INFORMATION PROVIDED:
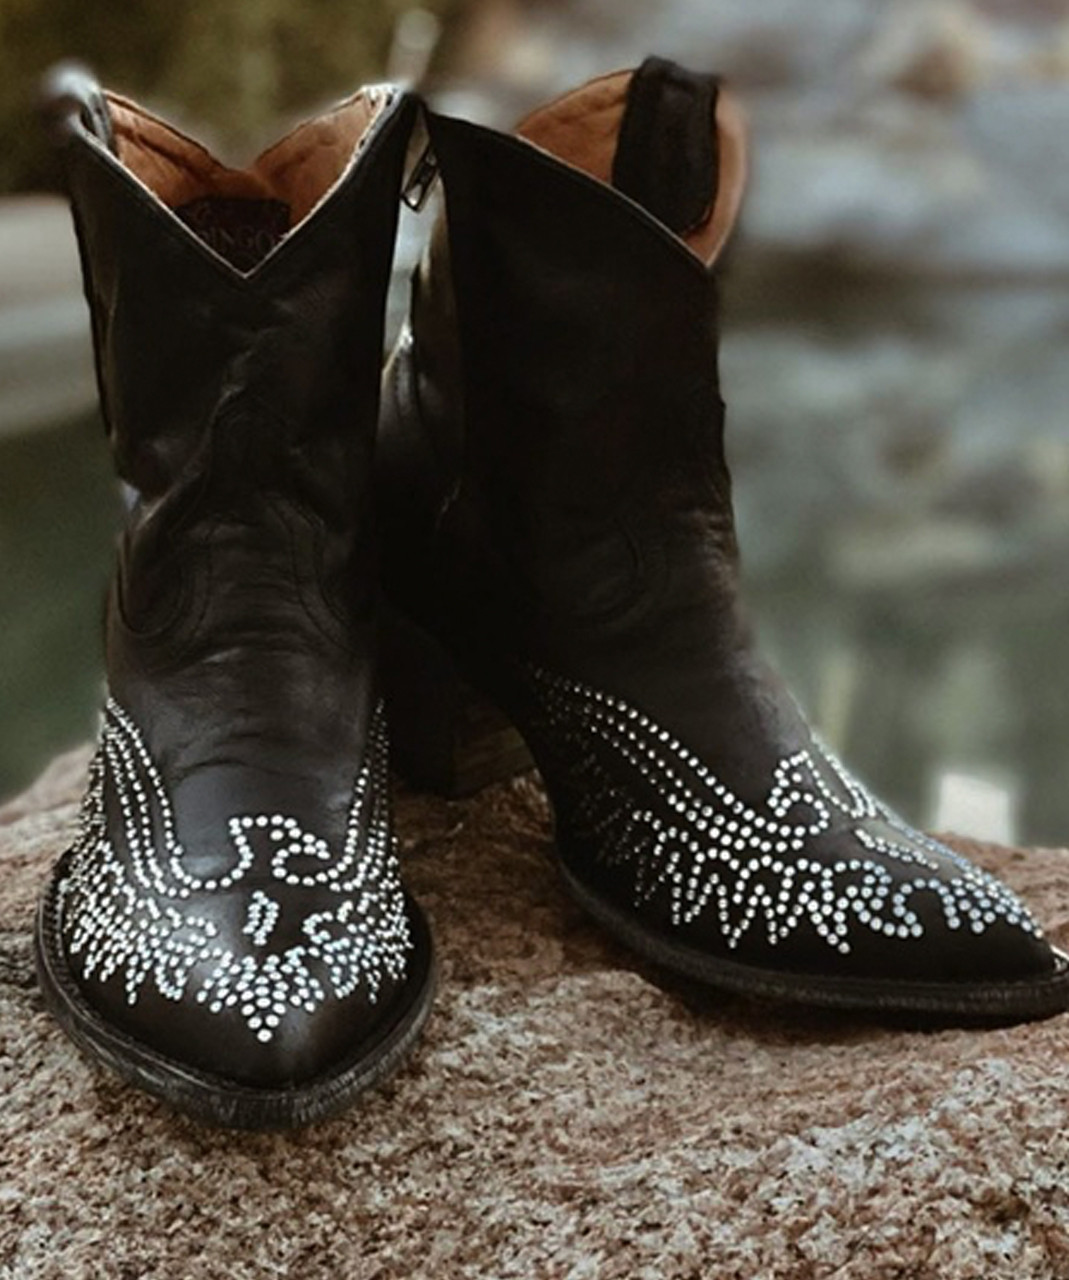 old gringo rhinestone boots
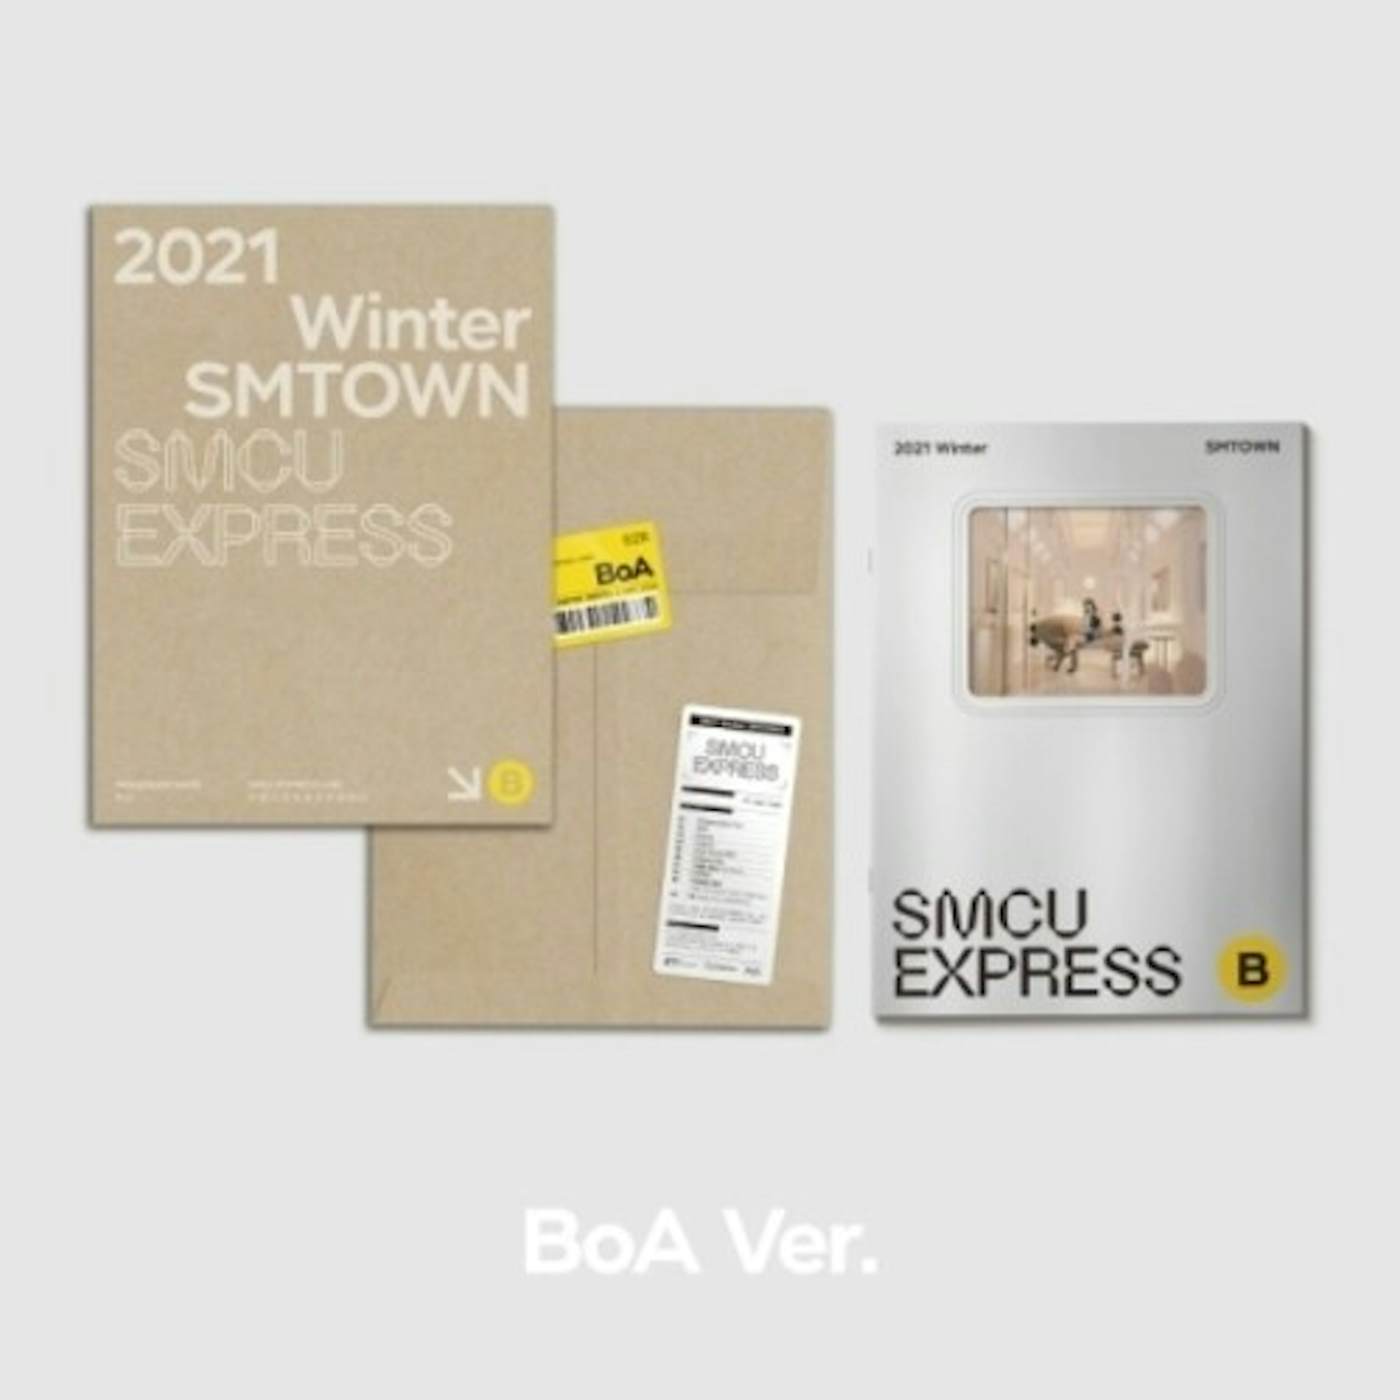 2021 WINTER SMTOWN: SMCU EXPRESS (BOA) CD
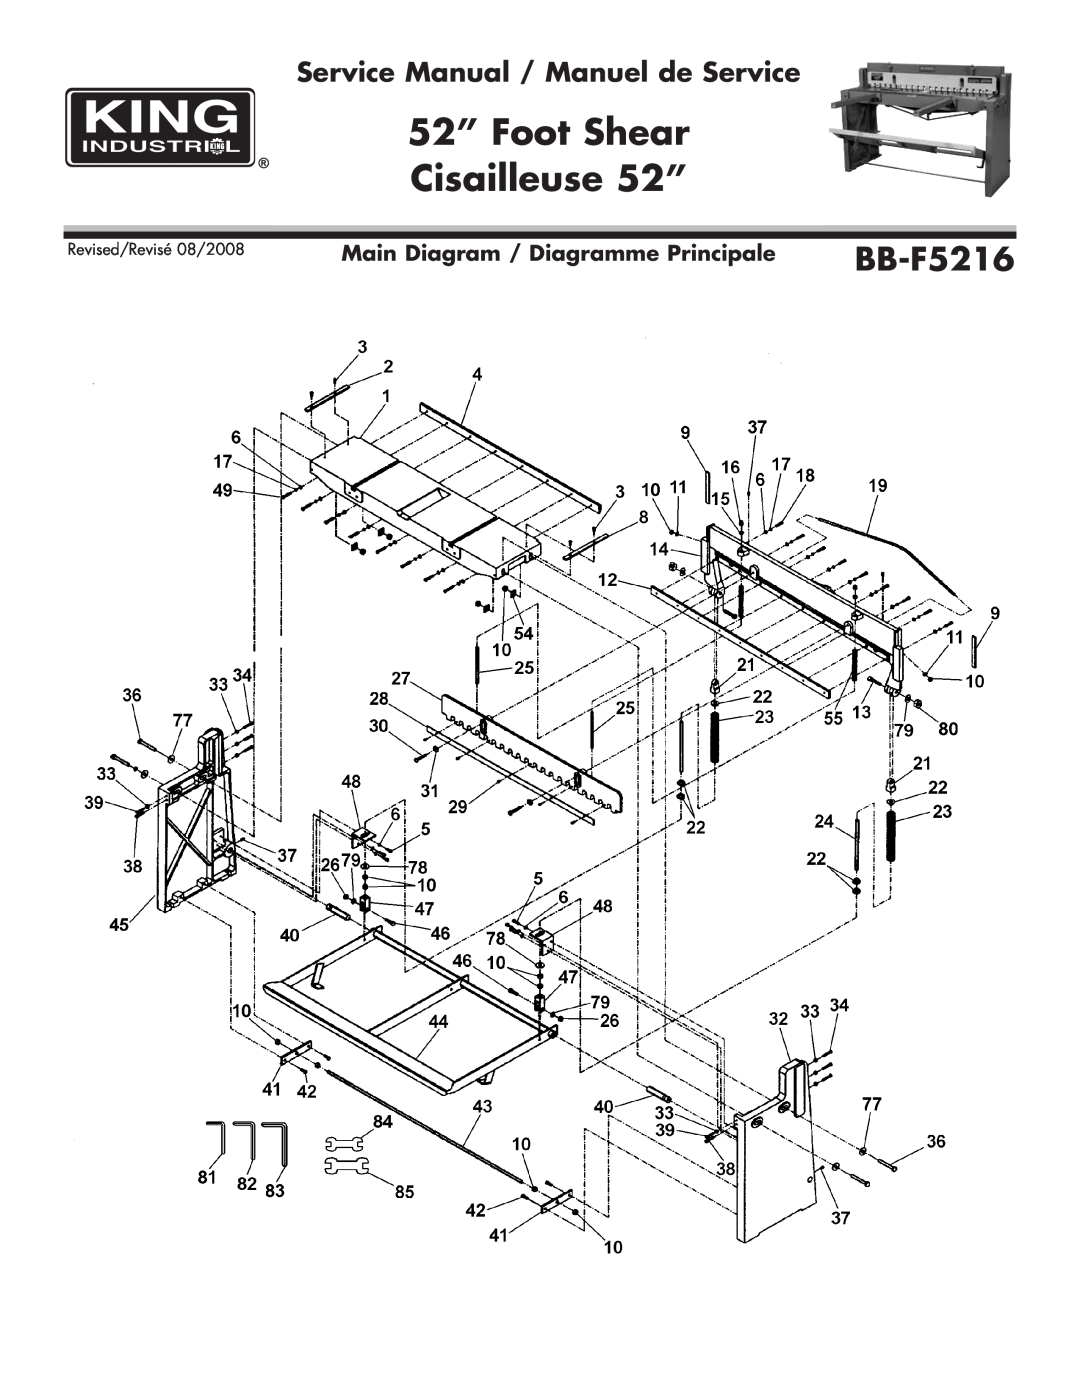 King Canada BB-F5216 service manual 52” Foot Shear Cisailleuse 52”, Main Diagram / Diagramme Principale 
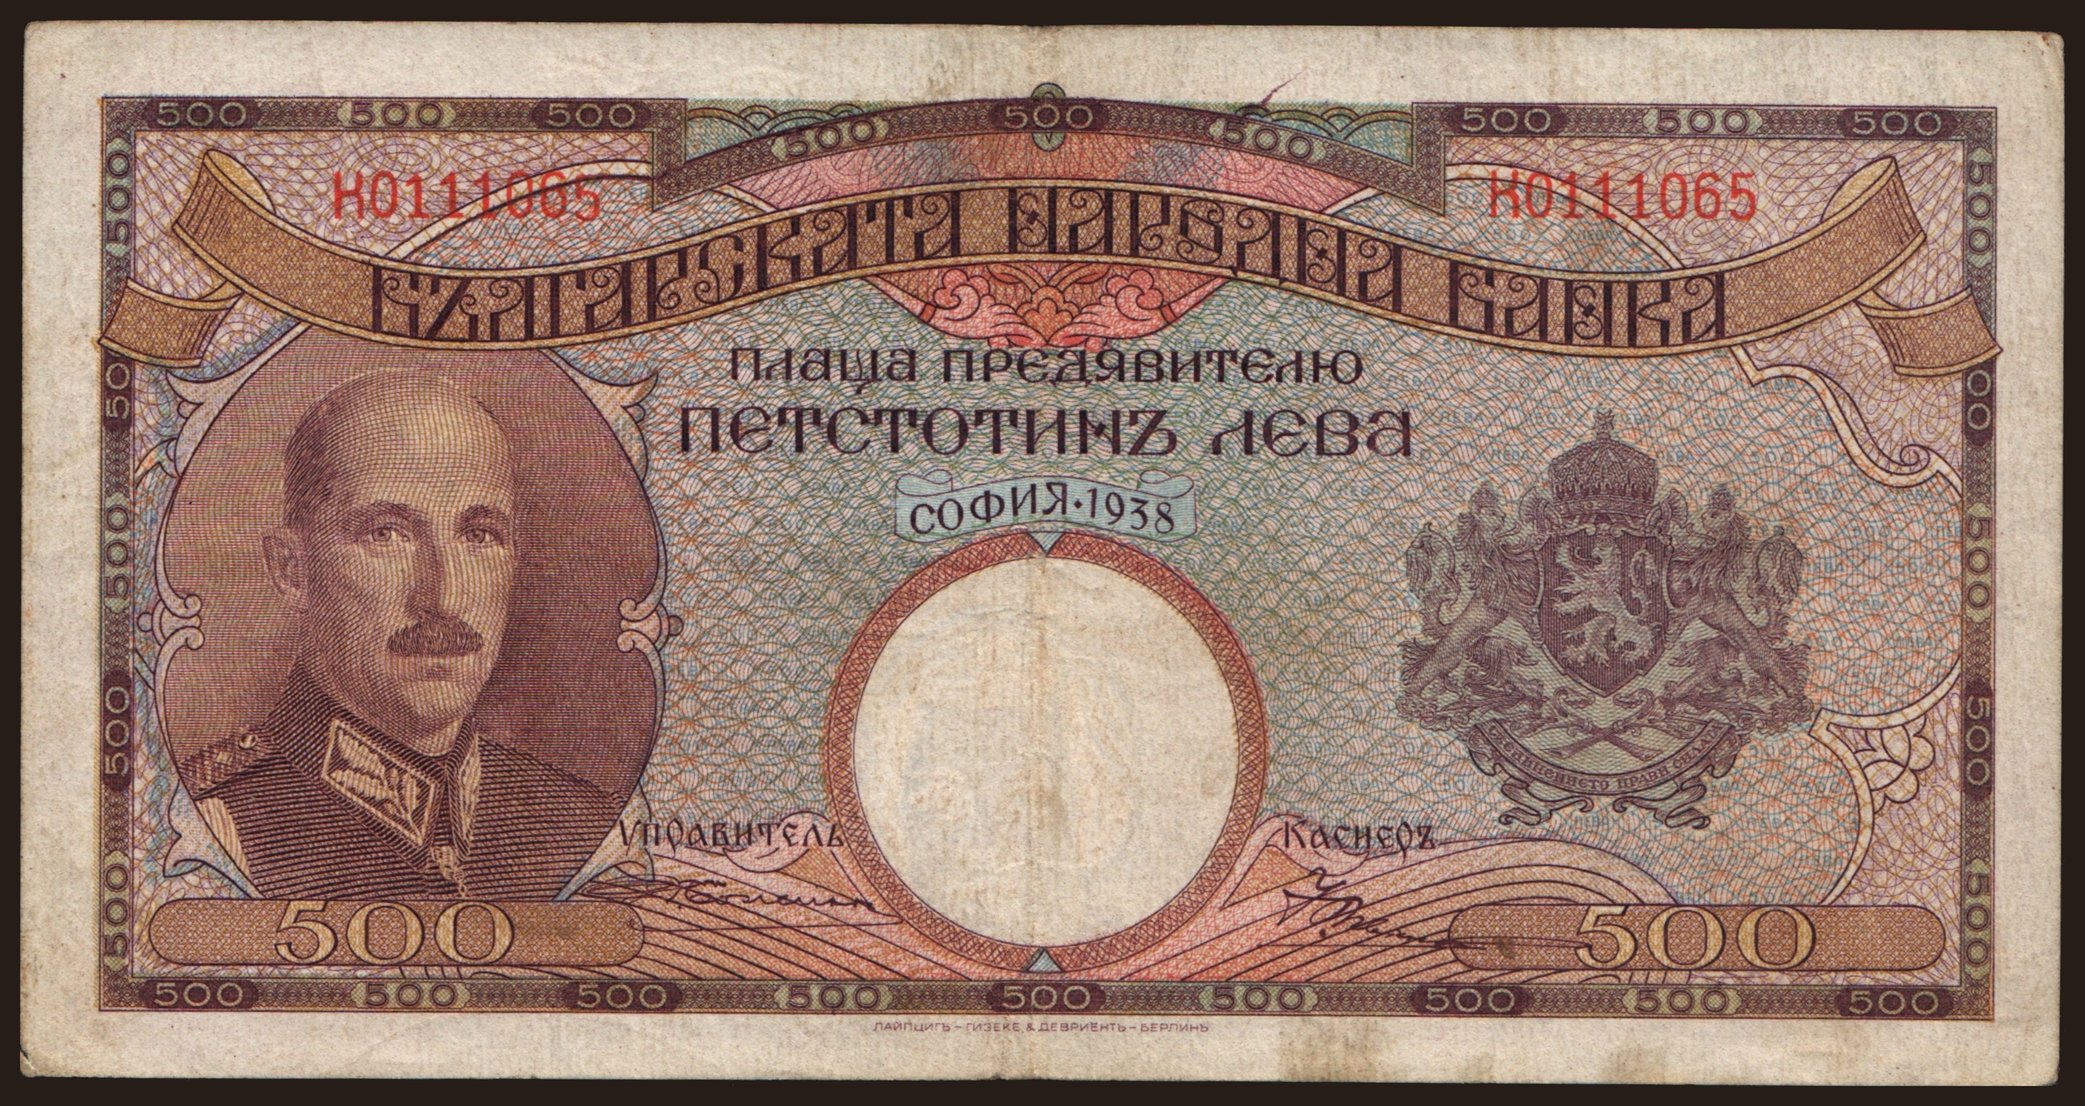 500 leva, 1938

WHAT YOU WILL DO: Word-for-word transcript, pictures excluded: copy all the material above.

ANSWER TO THIS EXERCISE:
 old gringo rhinestone boots
 2021 WINTER SMTOWN: SMCU EXPRESS (BOA) CD
 King Canada BB-F5216 service manual 52” Foot Shear Cisailleuse 52”, Main Diagram / Diagramme Principale 
 500 leva, 1938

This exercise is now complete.